**Input data:**

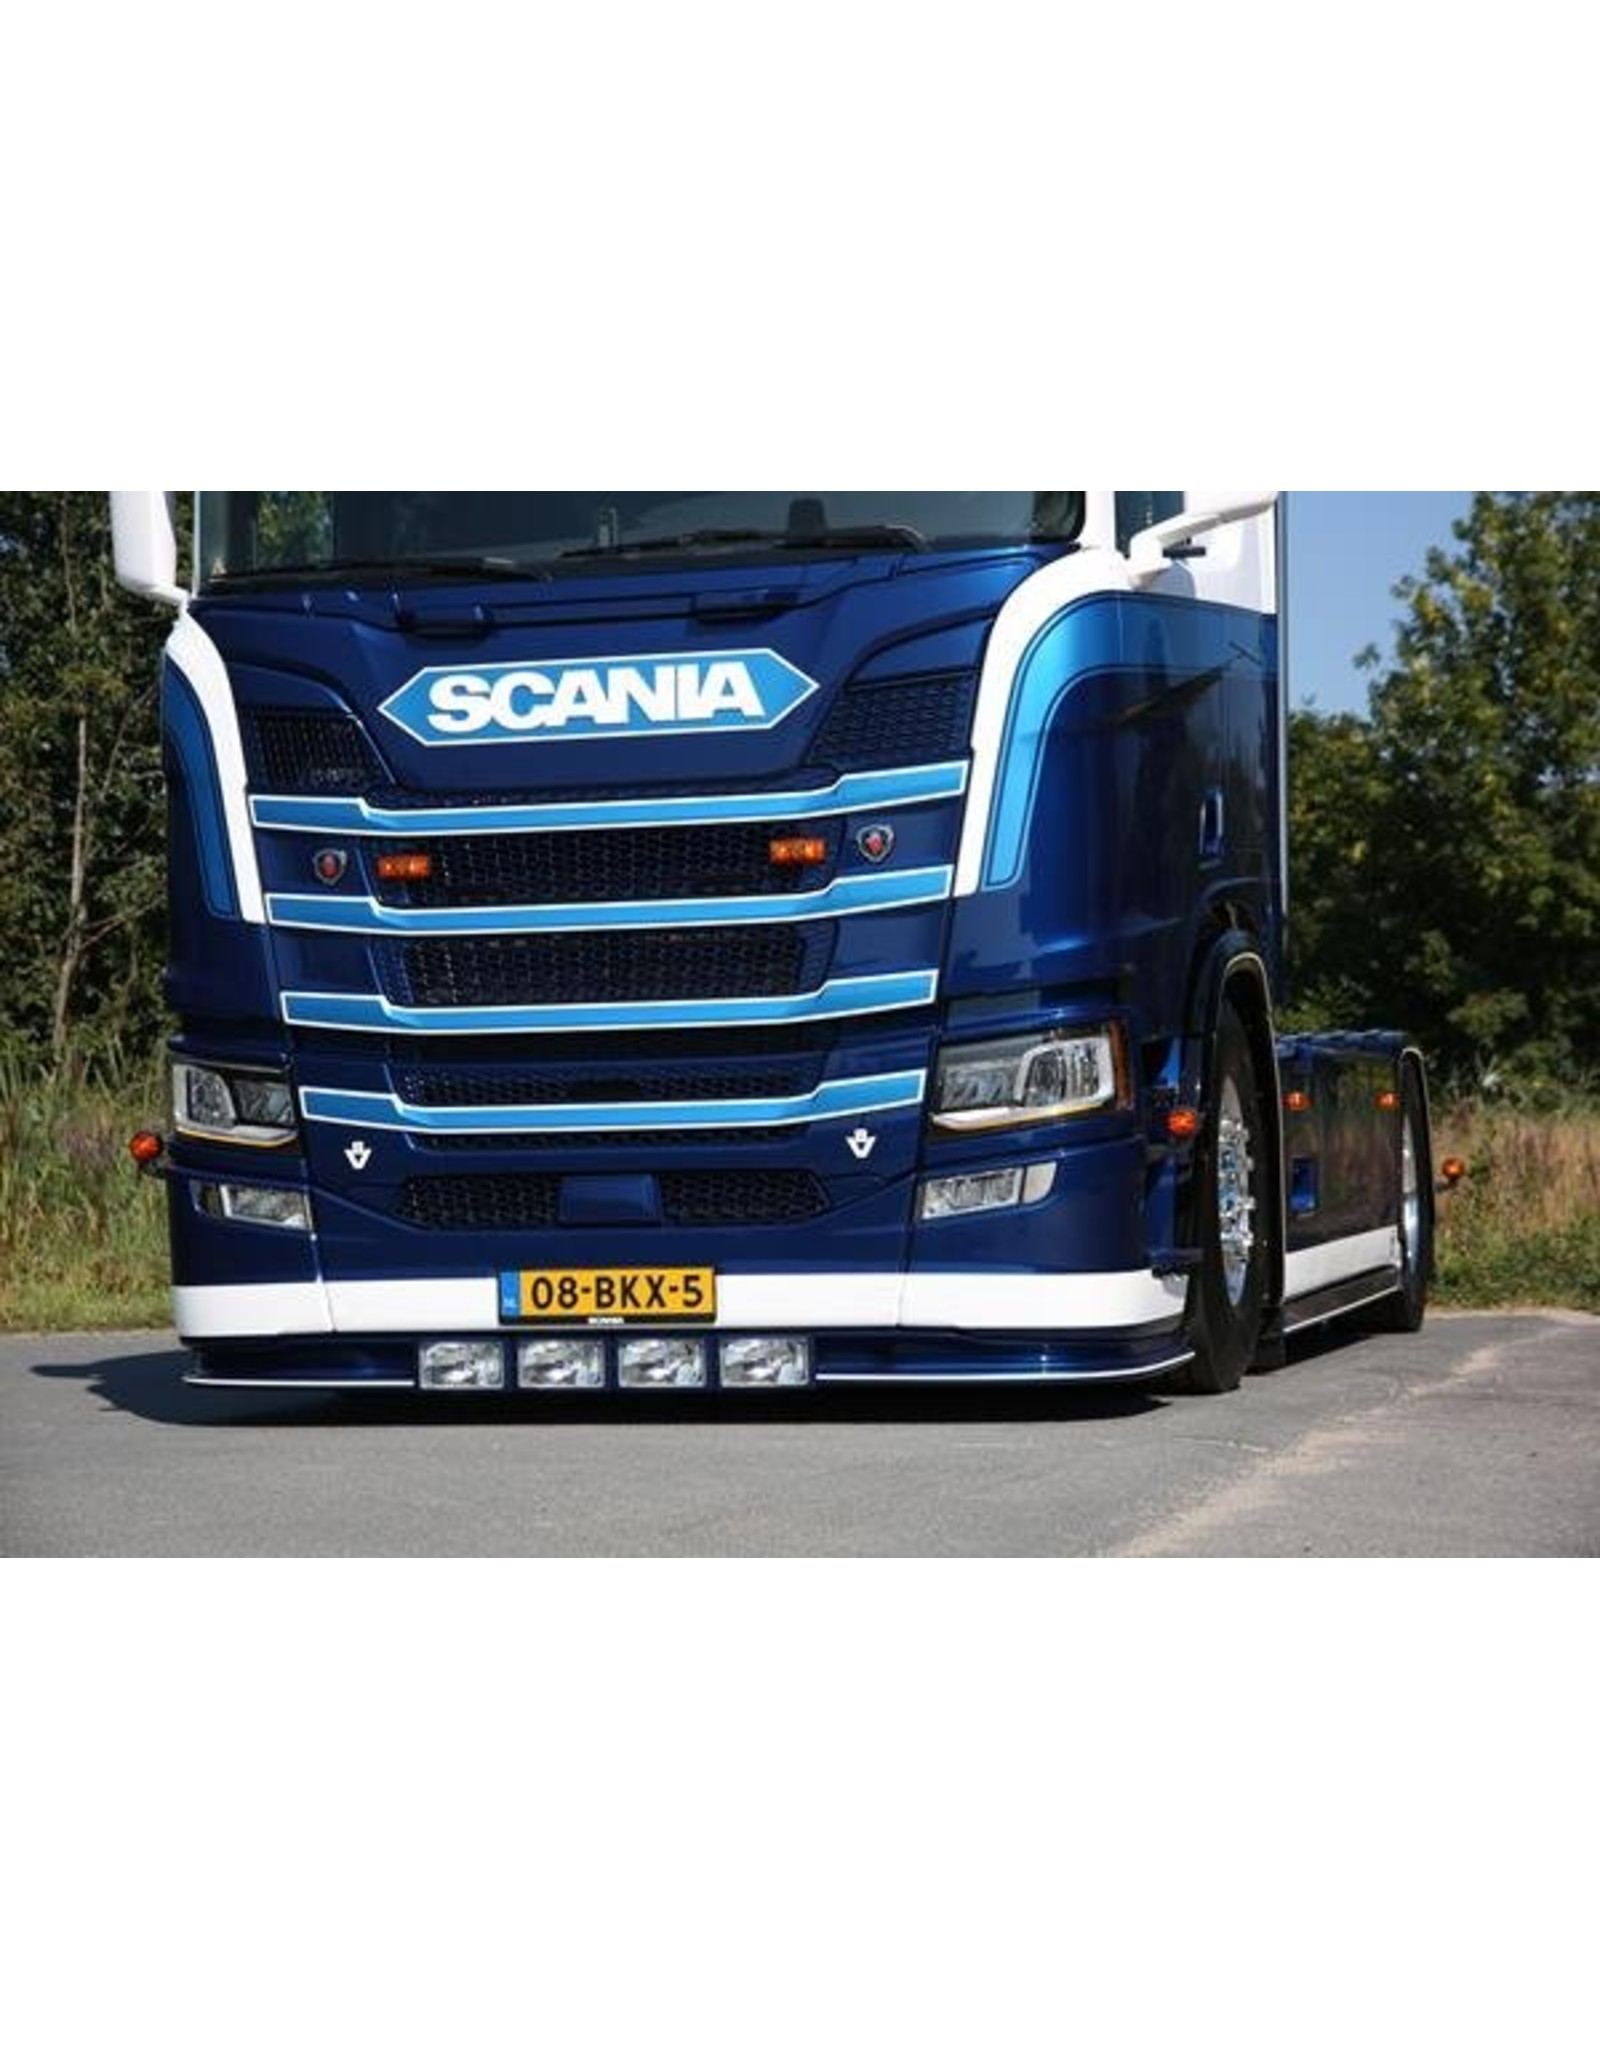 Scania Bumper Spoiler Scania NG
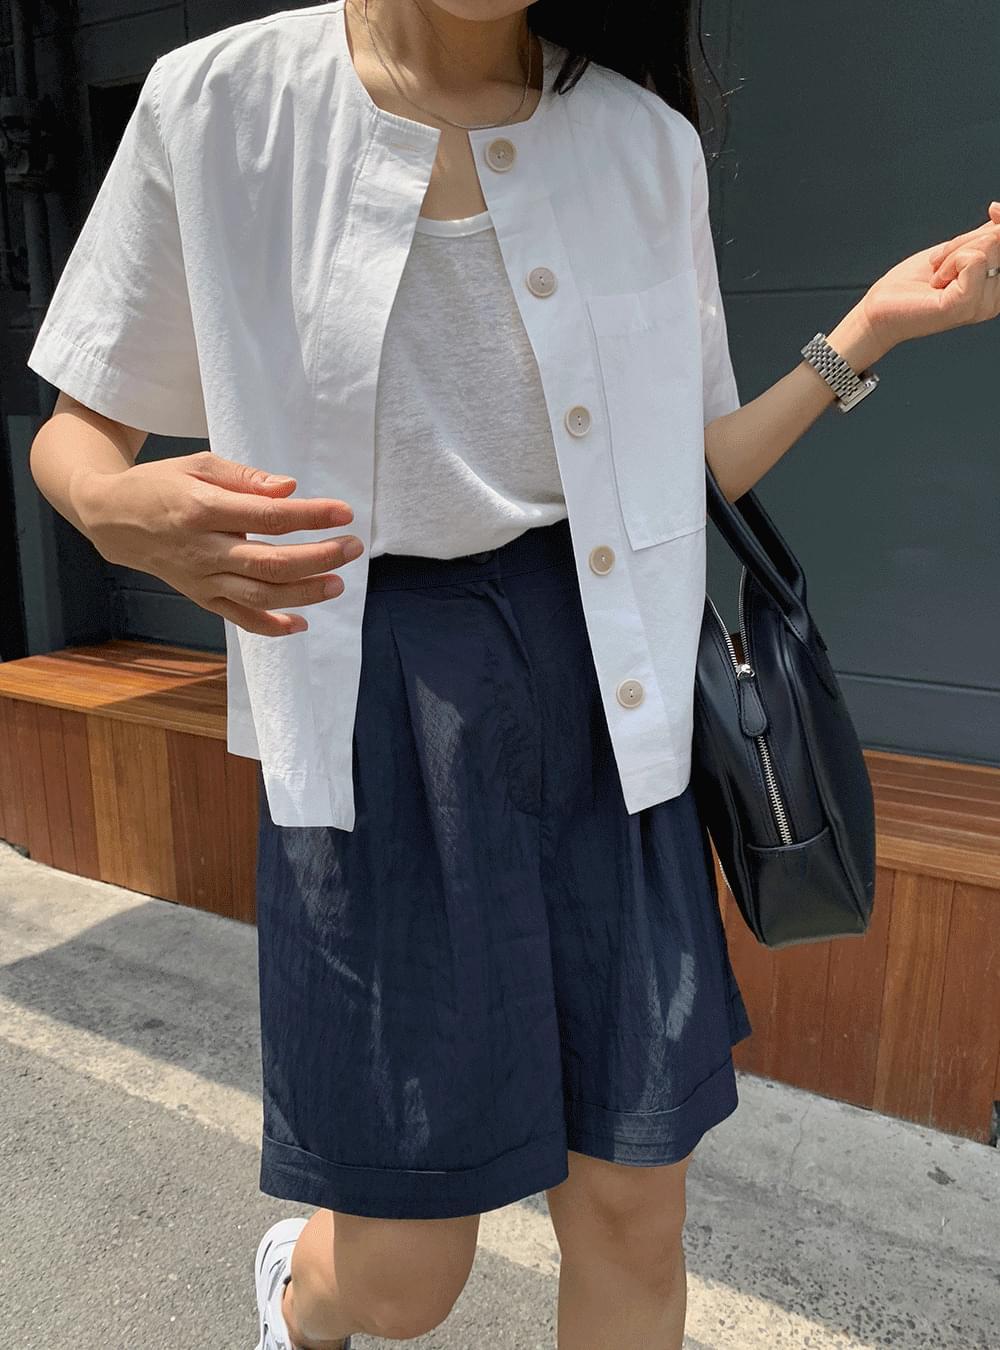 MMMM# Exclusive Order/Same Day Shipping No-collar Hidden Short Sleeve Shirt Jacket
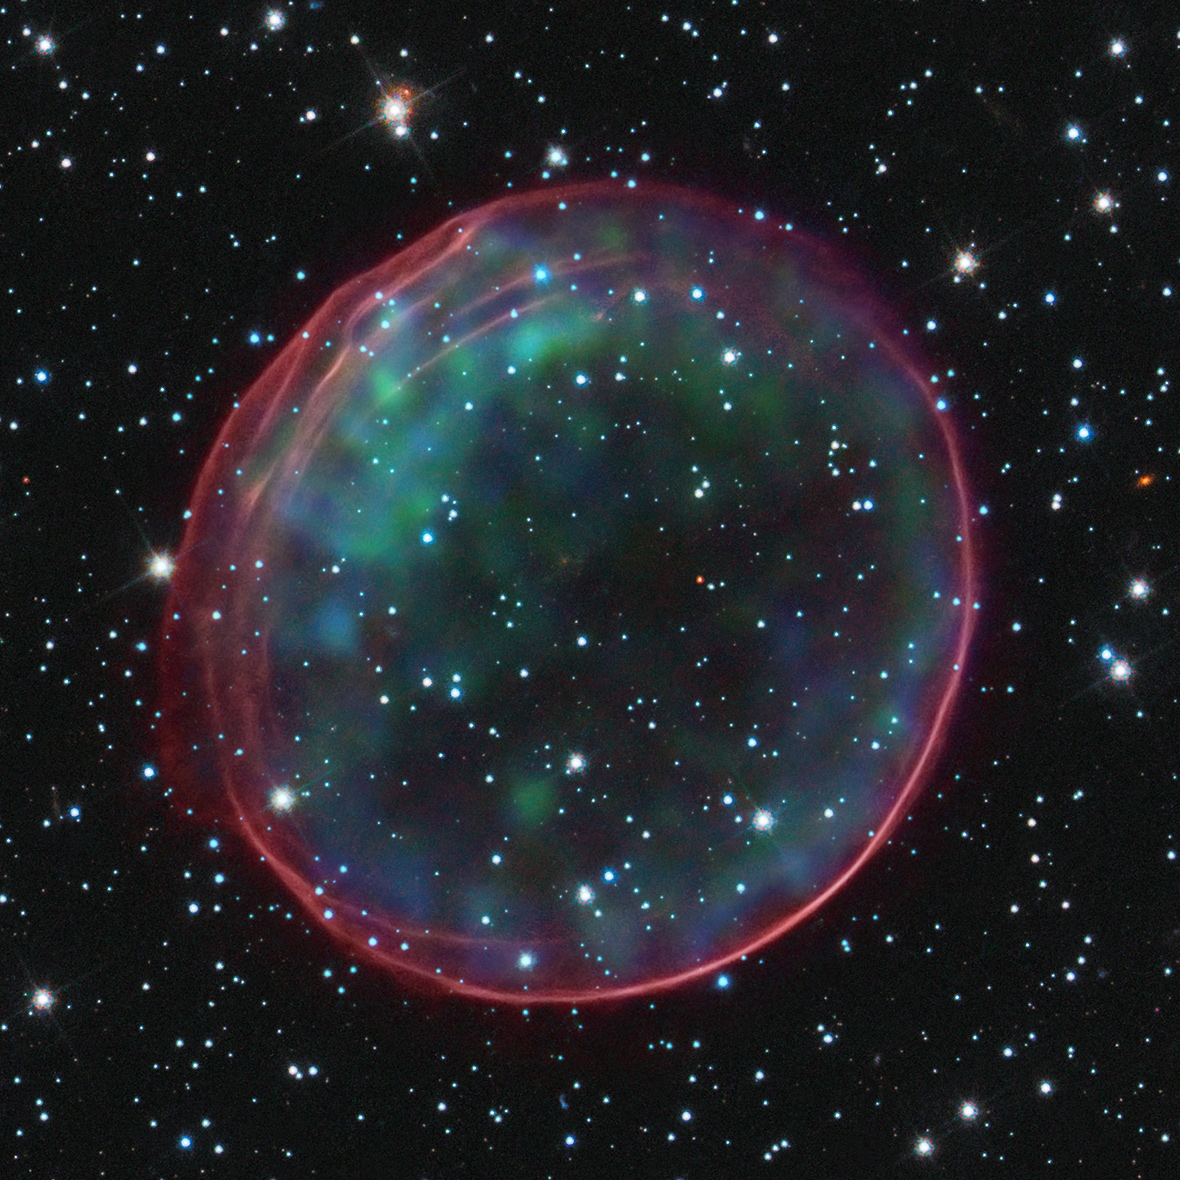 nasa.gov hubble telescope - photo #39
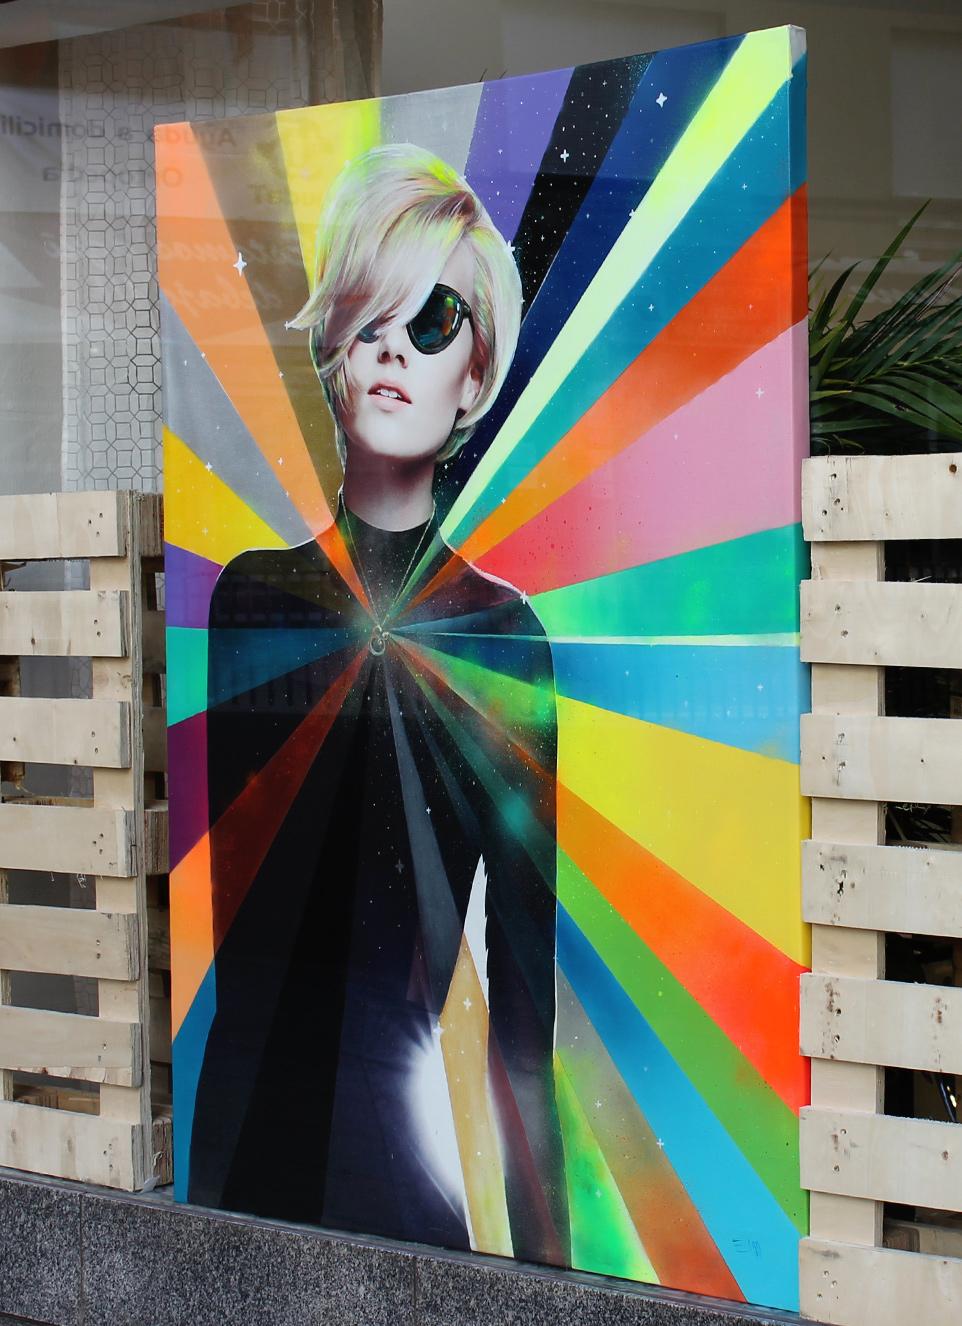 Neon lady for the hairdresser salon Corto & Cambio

**Work required:**
All of the material must be given again exactly, though no picture may appear in the copy.

**Solved exercise:**
 Scania Bumper Spoiler Scania NG
 MMMM# Exclusive Order/Same Day Shipping No-collar Hidden Short Sleeve Shirt Jacket
 nasa.gov hubble telescope - photo #39
 Neon lady for the hairdresser salon Corto & Cambio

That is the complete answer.